DATA EXTRACT:
-- Opening Marker --

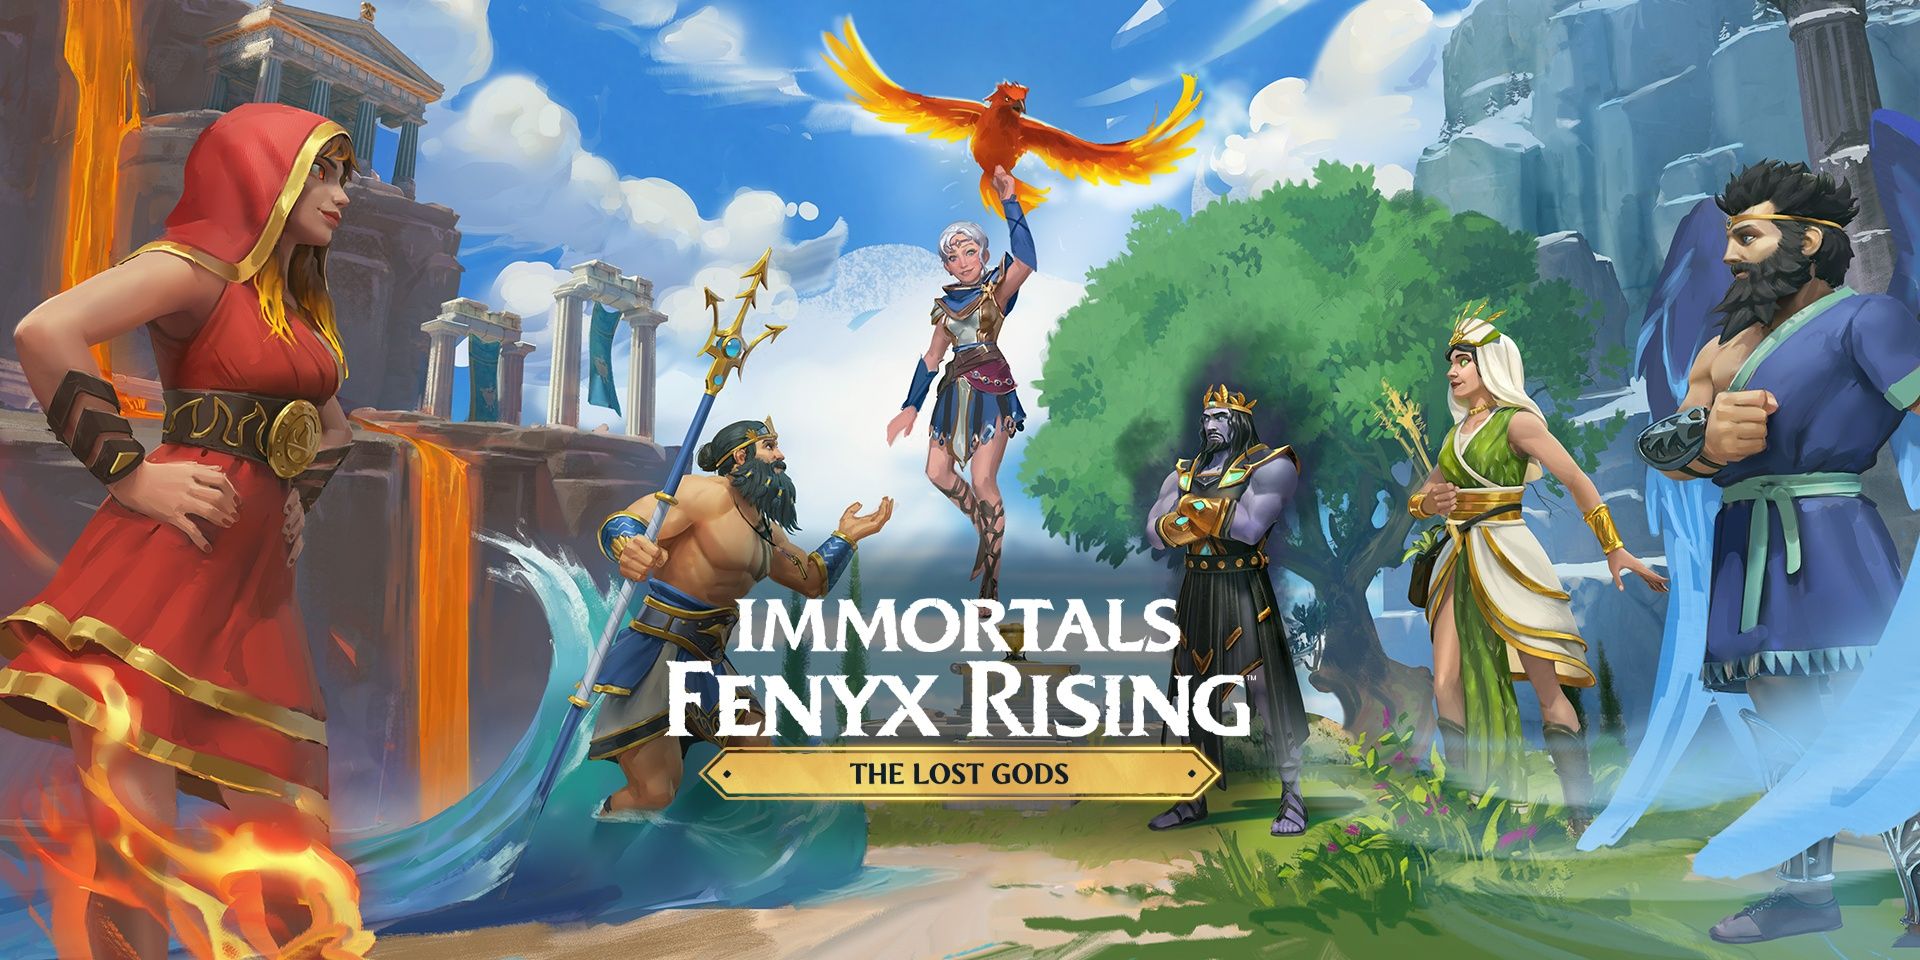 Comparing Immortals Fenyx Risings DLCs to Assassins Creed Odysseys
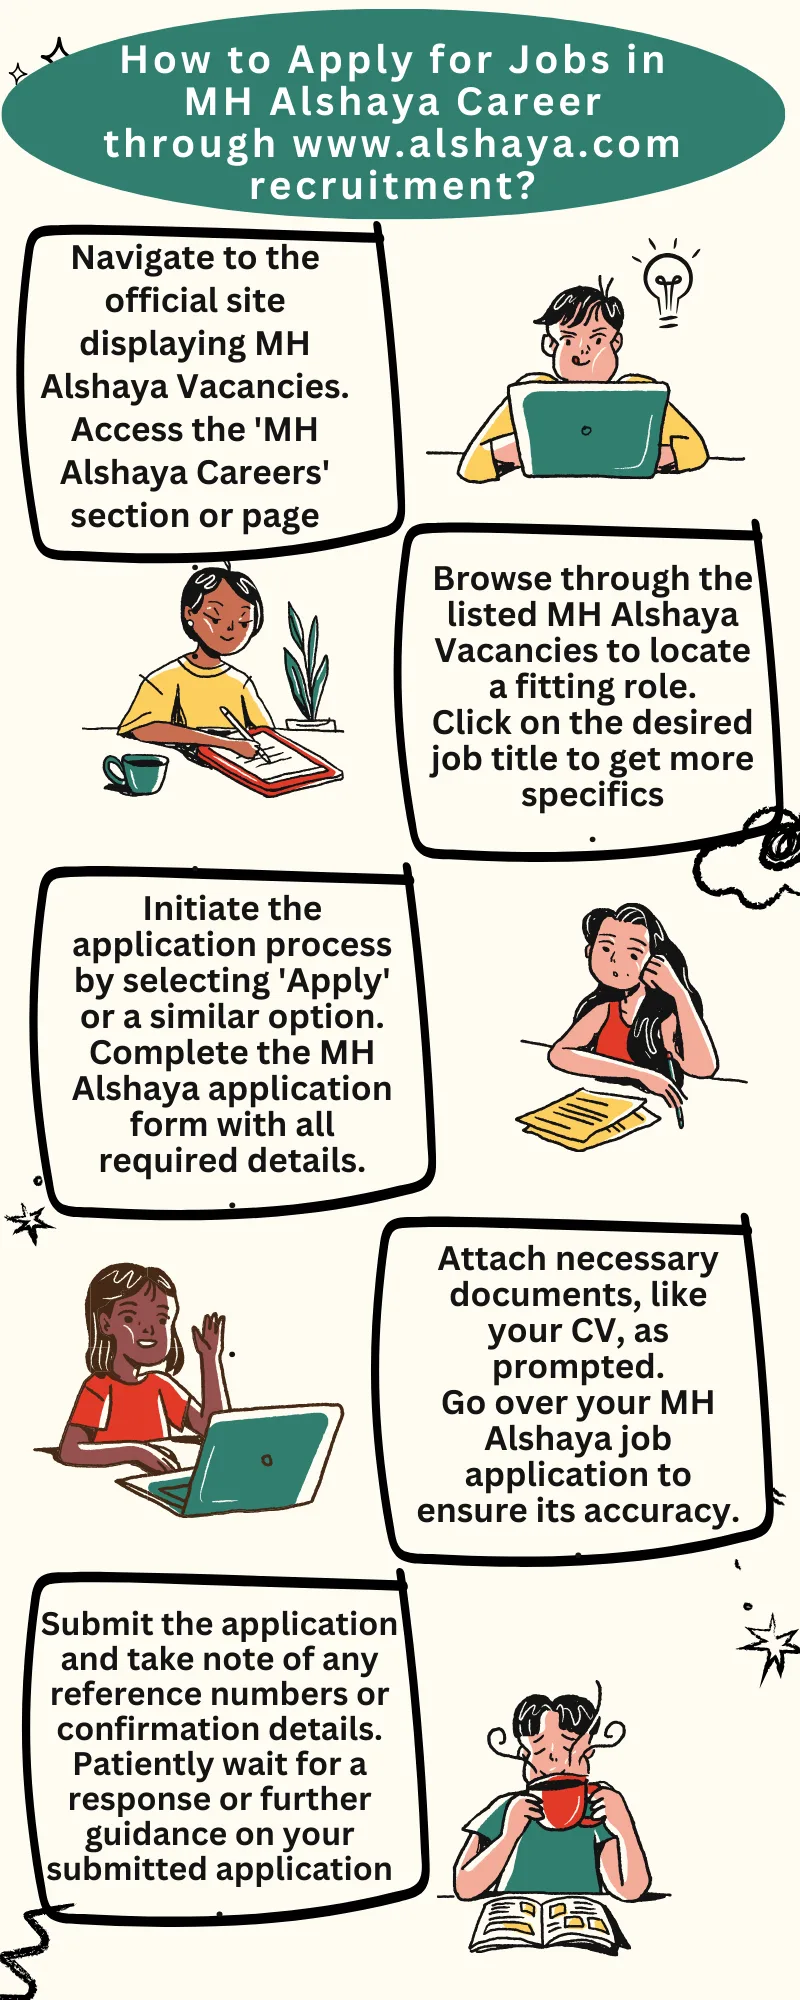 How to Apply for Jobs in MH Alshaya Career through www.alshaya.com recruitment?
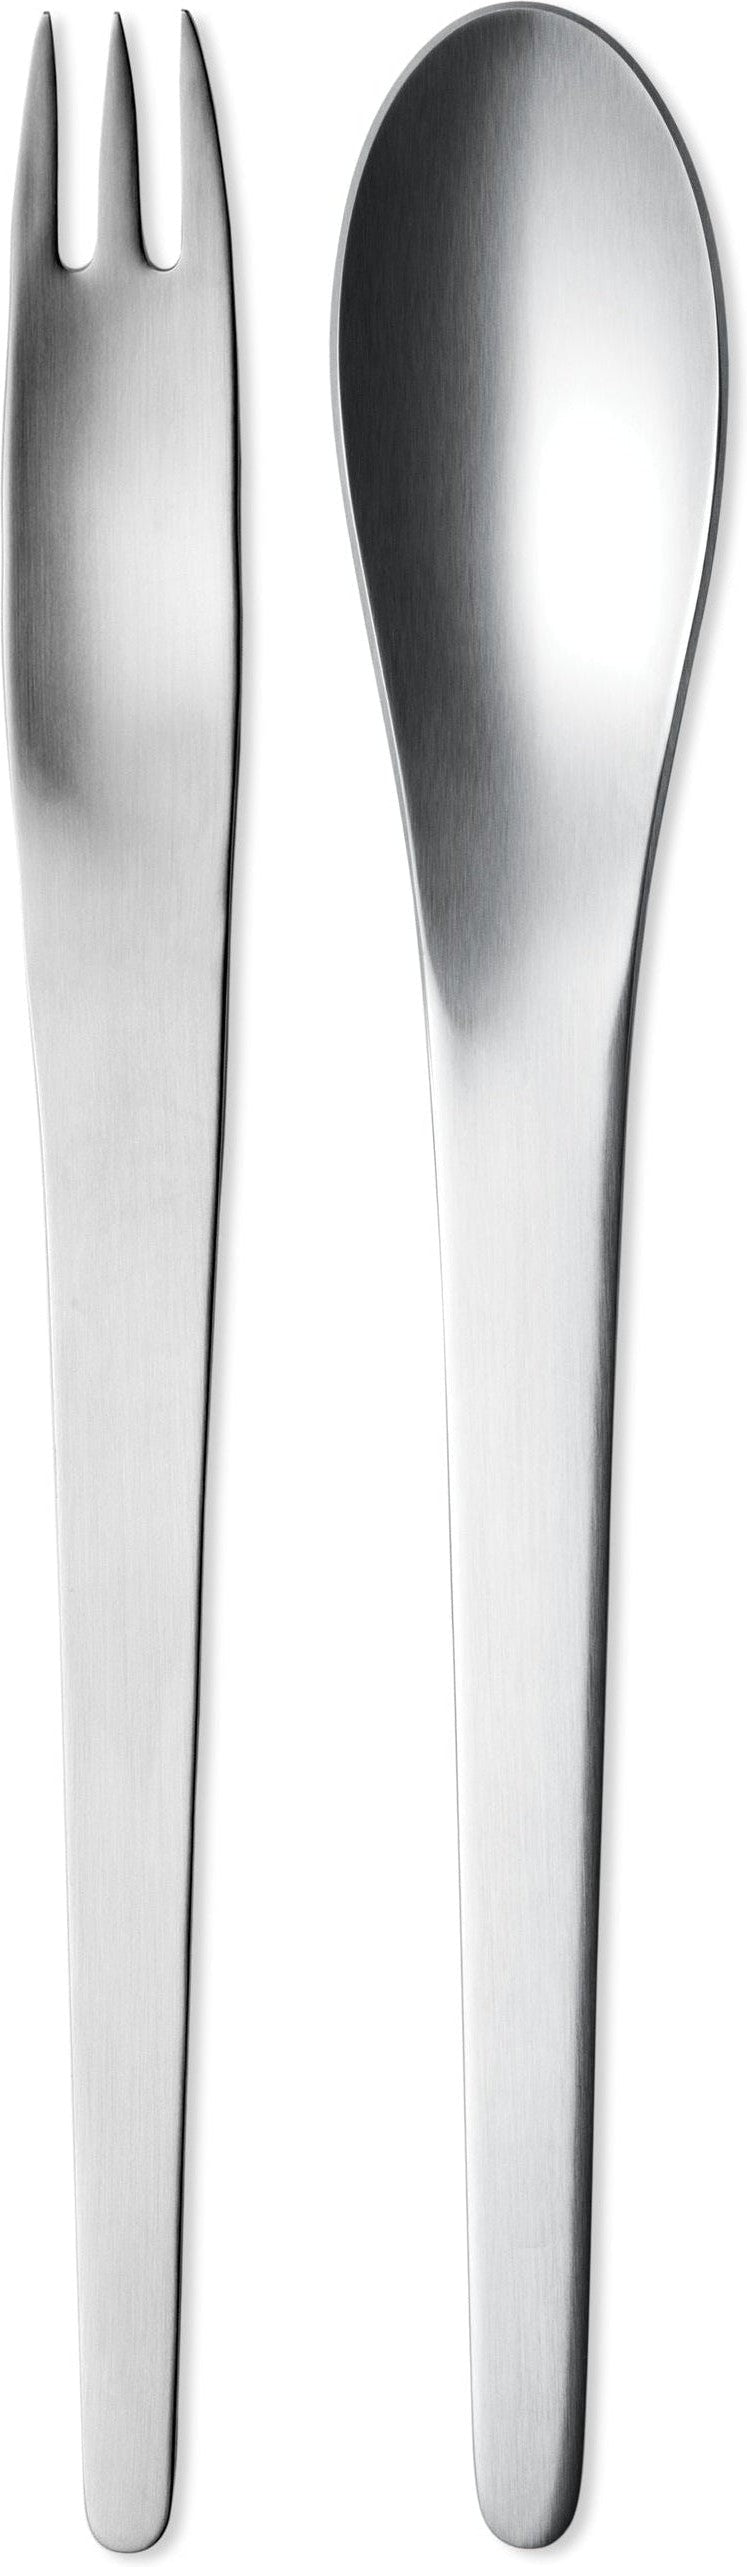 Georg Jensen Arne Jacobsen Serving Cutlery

-- Closing Marker --

YOUR TASK: With the pictures removed, return the data above word for word.

YOUR SOLUTION:
 Comparing Immortals Fenyx Risings DLCs to Assassins Creed Odysseys
 How to Apply for Jobs in MH Alshaya Career through www.alshaya.com recruitment?
 Georg Jensen Arne Jacobsen Serving Cutlery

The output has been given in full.